We understand that as a small business owner, putting extra funds aside each year for your own superannuation can seem like a bit of an indulgence, or simply might not be achievable for you. And depending on the way that your business is set up, whether you are a sole trader, whether you have incorporated your business etc. you may not legally have to contribute to your own superannuation. But what you need to do legally, and what you SHOULD do for your own future are two very different things.
“The dilemma in small business is that you can’t always tell when you’ll be in a position to make a decent contribution,”says Kate Carnell from the Small Business Ombudsmen. “At the moment there is capacity for lump sum contributions but only under a narrow set of circumstances.” Carnell says.
Superannuation is a small contribution that you are making for your future self. If invested correctly, in the right kind of funds and the right investments, it could potentially greatly outperform any potential gains you might get from the sale of your business, all through a minimal contribution each pay cycle. We have all heard of salon owners struggling to sell their business or not getting the price that they wanted or expected, leaving them with a limited amount to retire on. It’s important that you consider the sale of your business (if it occurs) as part of an overall retirement plan – of which superannuation, savings, your family home and any inheritances may also be part of.
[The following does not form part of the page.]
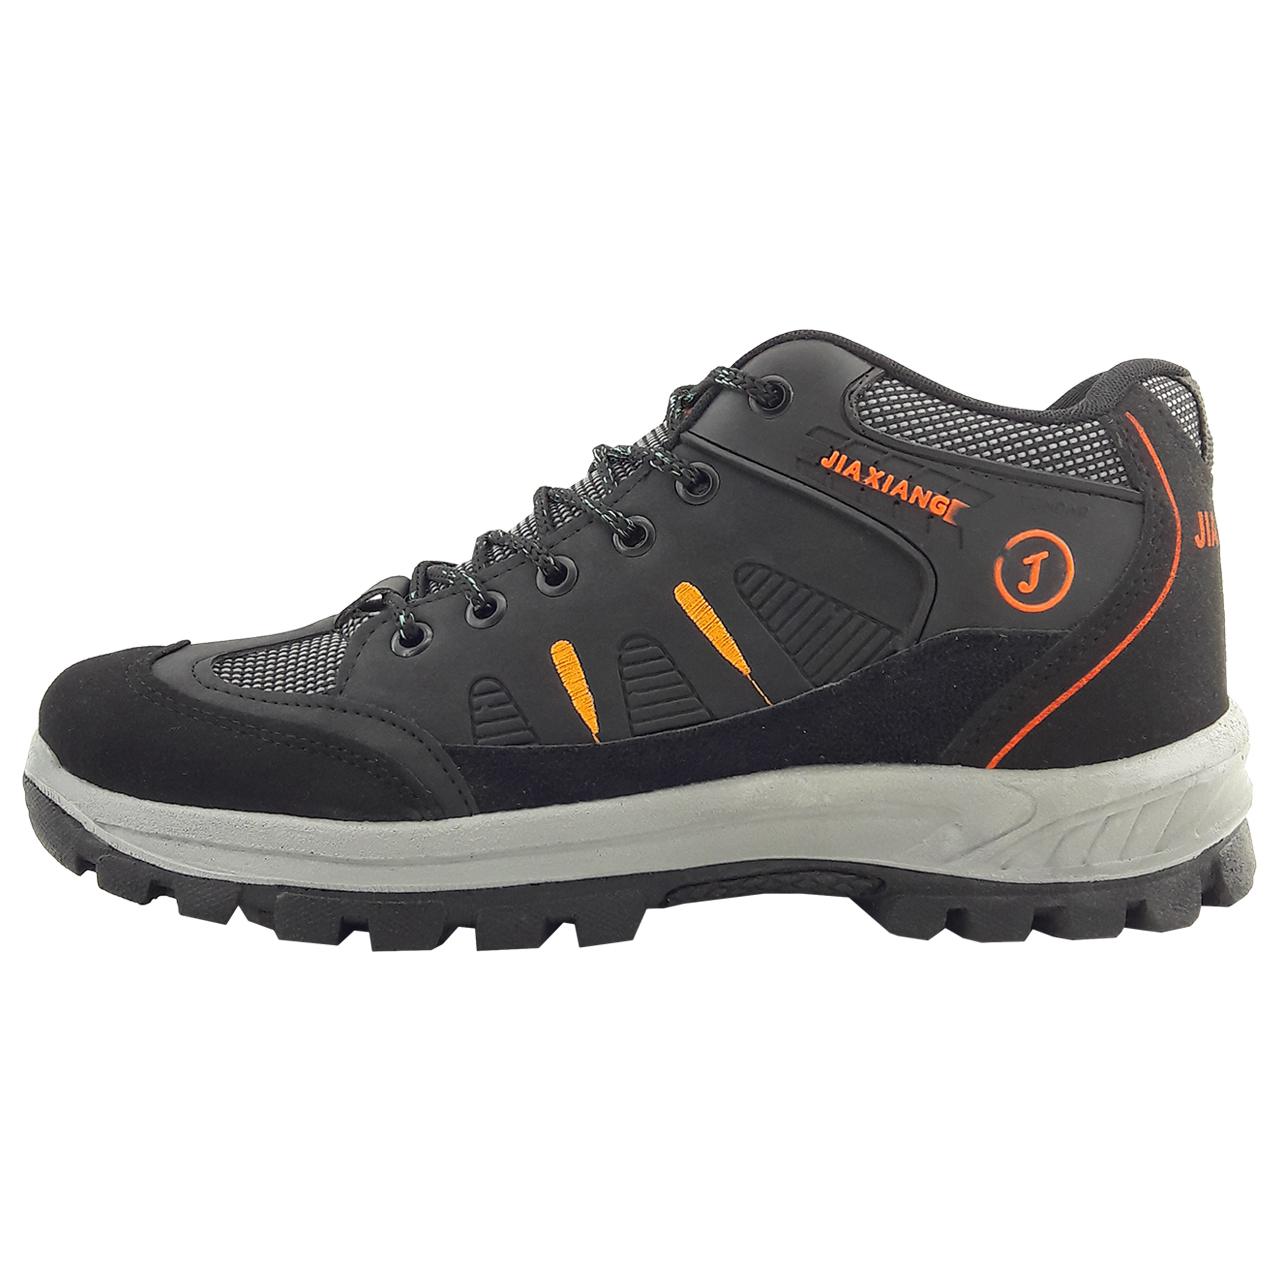 قیمت کفش کوهنوردی مردانه جیاکسیانگ مدل Jx.tnd.bl org-01

While many people are able to sell their businesses successfully, the market is always changing. What you would have paid for an established salon 10 years ago is quite different to what you would pay today, and will be markedly different to what you will pay in the future. It’s important to consider all the possibilities, like not being able to sell your salon at all, when planning for your retirement. HABA advises all our members to seek professional financial advice, not just on your business but on your retirement plans and personal finances in connection with your business, to ensure that you are adequately prepared when it comes time to hang up the wax pot or scissors. It is far better to be prepared than to receive a nasty shock come retirement.
*Note, this blog post should not be considered advice, it is a general statement produced by the Hair and Beauty Association and should not be considered to be specific to your situation. We absolutely recommend that you seek advice from your financial planner about your specific situation before making any major decisions about your superannuation, business or future.